— Планетат — безумная планета, — пояснил я. — Минуту назад вам казалось, будто вы шагаете по воздуху. Так вот, в некотором роде именно так оно и было. Планетат — одно из считанных небесных тел, состоящих как из обычной, так и из тяжелой материи. У тяжелой материи молекулярная структура сплющенная; подобные вещества до того тяжелы, что вы бы не подняли и камешка. Из такого вещества состоит ядро Планетата; вот почему на этой крохотной планетке с поверхностью, примерно вдвое превышающей остров Манхэттен, тяготение составляет ноль семьдесят четыре земного. В ядре есть жизнь животная, но не разумная. Есть птицы, и по молекулярной структуре их тела сходны с ядром планеты — такие плотные, что обычная материя для них разрежена, как для нас воздух. Они буквально летают в обычной материи, как на Земле птицы летают в воздухе. С их точки зрения, мы ходим по атмосфере Планетата.
— И от их подземного полета рушатся дома?

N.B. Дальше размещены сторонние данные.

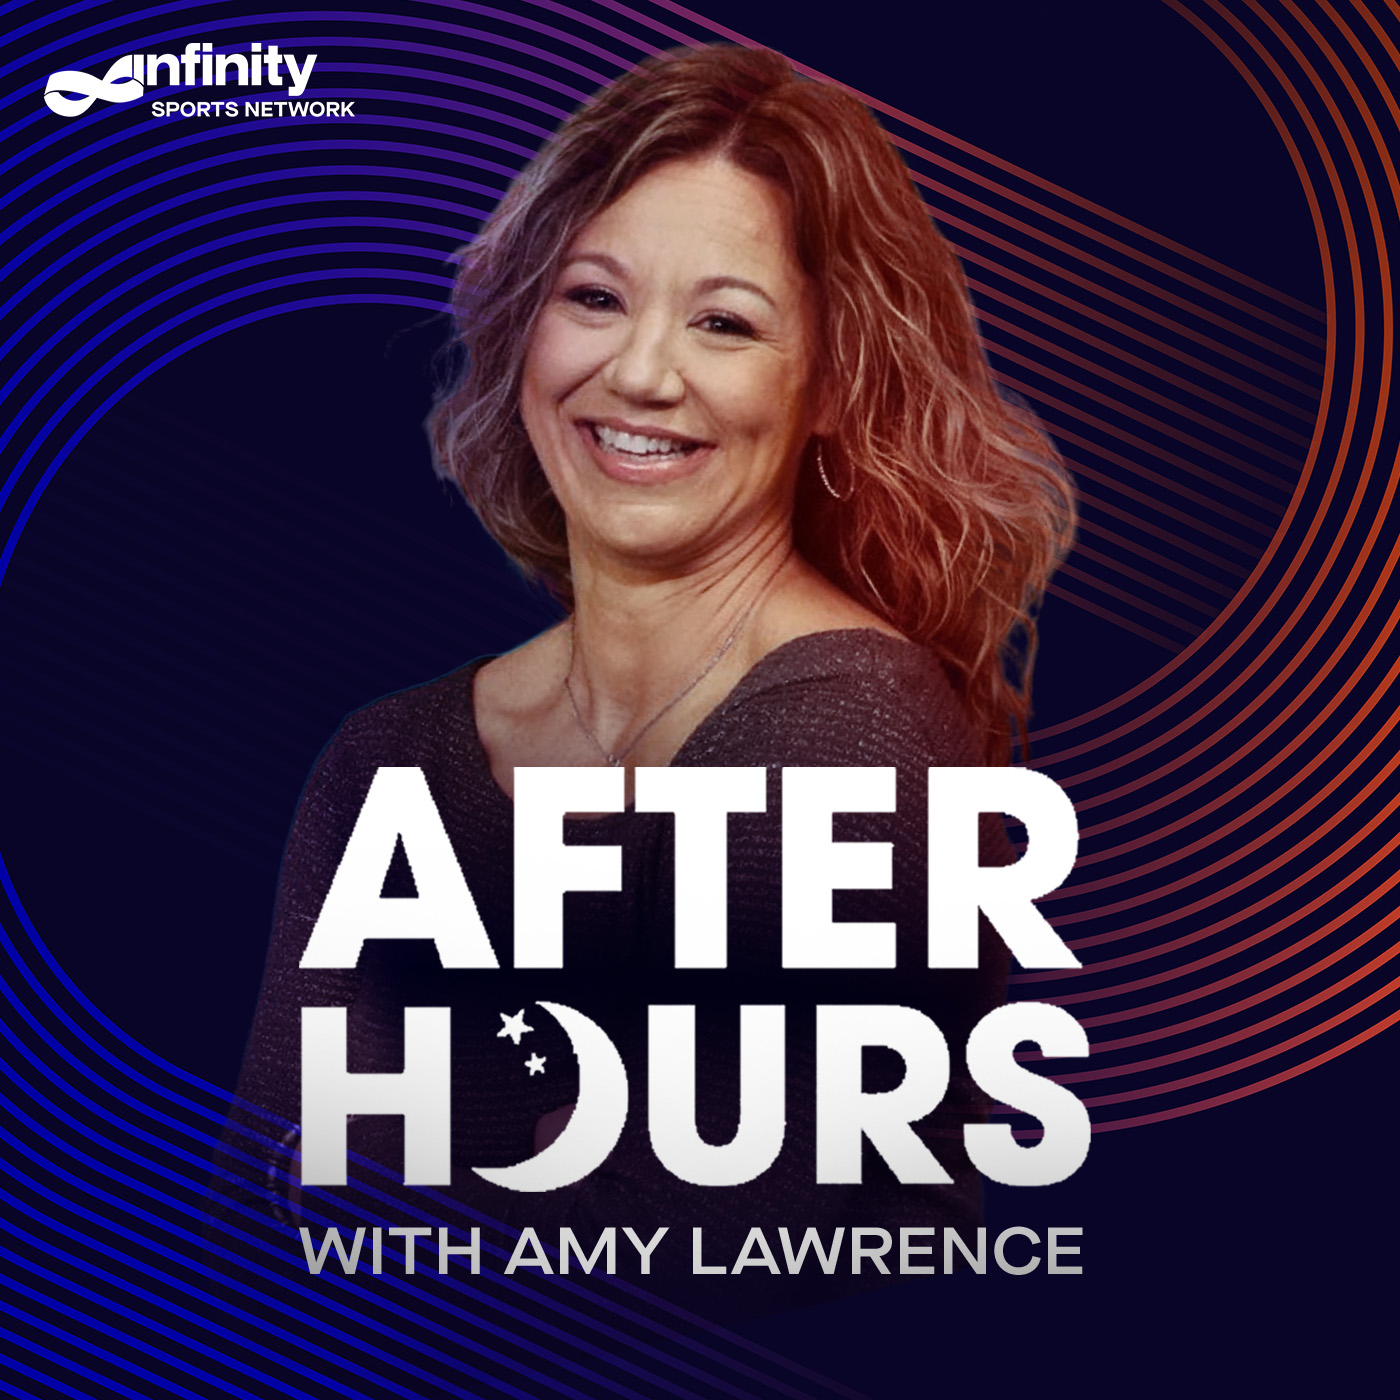 11-19-21 After Hours with Amy Lawrence PODCAST: Hour 3

— Да, и хуже того: птицы пролетают сквозь фундаменты, из чего бы мы их ни делали. Любой материал, с каким мы умеем обращаться, для здешних птиц — все равно что газ. Они летают в чугуне и стали так же легко, как в песке и глине. Только что привезли особо крепкий строительный материал — особый стальной сплав, тот самый, о котором я справлялся у Ригена, — но я не очень-то надеюсь, что от него будет толк.
— А разве эти птицы не опасны? Помимо того, что они валят дома? Разве такая птица не может с размаху вылететь из-под земли в воздух? Ведь тогда ей ничего не стоит пролететь сквозь любого из нас.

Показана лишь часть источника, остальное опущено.